A python shell on a remote machine

This isn't necessarily the most useful thing, but it's a reasonable demonstration of the concepts behind using pyspark as a method of requesting on-demand resources.

import time
import threading

def start_repl(*args):
    import socketserverREPL

    server = socketserverREPL.ThreadedTCPServer(("0.0.0.0", 14328), socketserverREPL.RequestPythonREPL)
    server_thread = threading.Thread(target=server.serve_forever)
    server_thread.daemon = True
    server_thread.start()
    while not socketserverREPL.should_exit:
        time.sleep(1)
    server.server_close()
    server.shutdown()
    server_thread.join()


from pyspark import SparkContext
SparkContext().parallelize([0], 1).foreachPartition(start_repl)
  • Run this with: spark-submit --py-files socketserverREPL.py --master yarn remote_repl.py
  • Figure out where this is running (likely spark has emitted some log messages containing a host, like analytics1061) and telnet to the repl
    • telnet analytics1061 14328
  • You should now have a python repl running on the other machine.

Caveats

  • You need to know how much memory you want and request it with --conf spark.yarn.executor.memoryOverhead=<MB>. Yarn will ruthlessly kill your executors that run over
  • If you will be using multi-threaded operations you need to request more vcpu's from yarn with --executor-cores <N> combined with --conf spark.task.cpus=<N>. I don't think yarn monitors cpu usage, but for scheduling to work well you need to respect the amount of resources yarn was told you would use.
  • Individual files can be shipped over using the --files ... parameter
  • If you need complex python dependencies they can also be shipped as well, but it's more complicated
  • This is incredibly insecure, anyone can telnet into that port.
  • You aren't actually running as you on the other side, you are running as the yarn user.
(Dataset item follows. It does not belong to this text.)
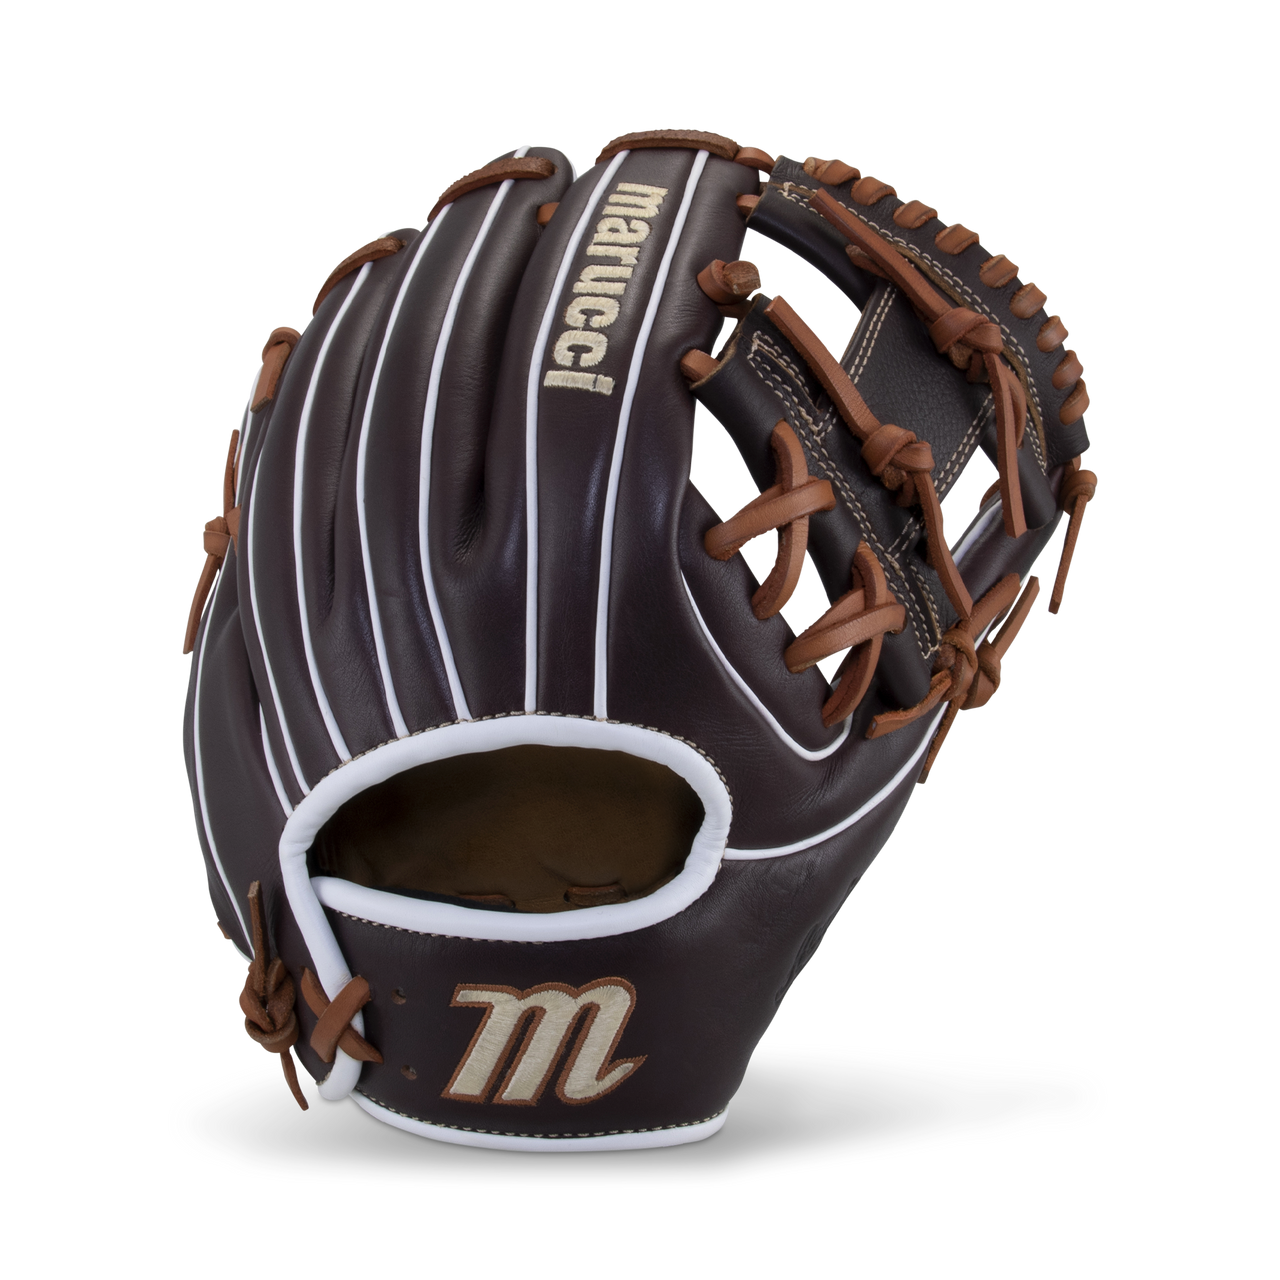 marucci-krewe-m-type-baseball-glove-42a2-11-25-inch-i-web-right-hand-throw MFGKR42A2-BRTN-RightHandThrow Marucci  <h1 class=productView-title-lower>Marucci KREWE M TYPE 42A2 11.25 I-WEB</h1> <p><em>M Type</em> fit system

This could cause interesting issues.
  • You can access hdfs if you need using python subprocess and the hdfs dfs ... command to copy files to/from local. Temporary files should not be placed in /tmp, but instead in one of the temp directories provided by yarn in the comma delimited LOCAL_DIRS environment variable.
  • Due to python version differences between stat machines and hadoop workers binary packages (compiled code: numpy, tf, etc.) distributed via virtualenv often only works under 2.7 and throw errors on 3.x

Python Dependencies

More complex python dependencies from a virtualenv:

  • Create a virtualenv somewhere
$ mkdir ~/tmp
$ cd ~/tmp
$ virtualenv venv
  • Upgrade pip and wheel, on some older debian systems you can't download binary packages without this

$ venv/bin/pip install --upgrade pip wheel

  • Install the things you need

$ venv/bin/pip install keras

  • Package up the virtualenv so it can be shipped to the executors.
$ cd venv
$ zip -qr ../venv.zip .
$ cd ..
  • Call spark-submit with --archives 'venv.zip#venv' which tells spark to decompress venv.zip to the venv directory of the executors working dir.
  • Set the PYSPARK_PYTHON environment variable so that it points to python both locally and on the executors

$ PYSPARK_PYTHON=venv/bin/python spark-submit --archives 'venv.zip#venv' <myfile.py>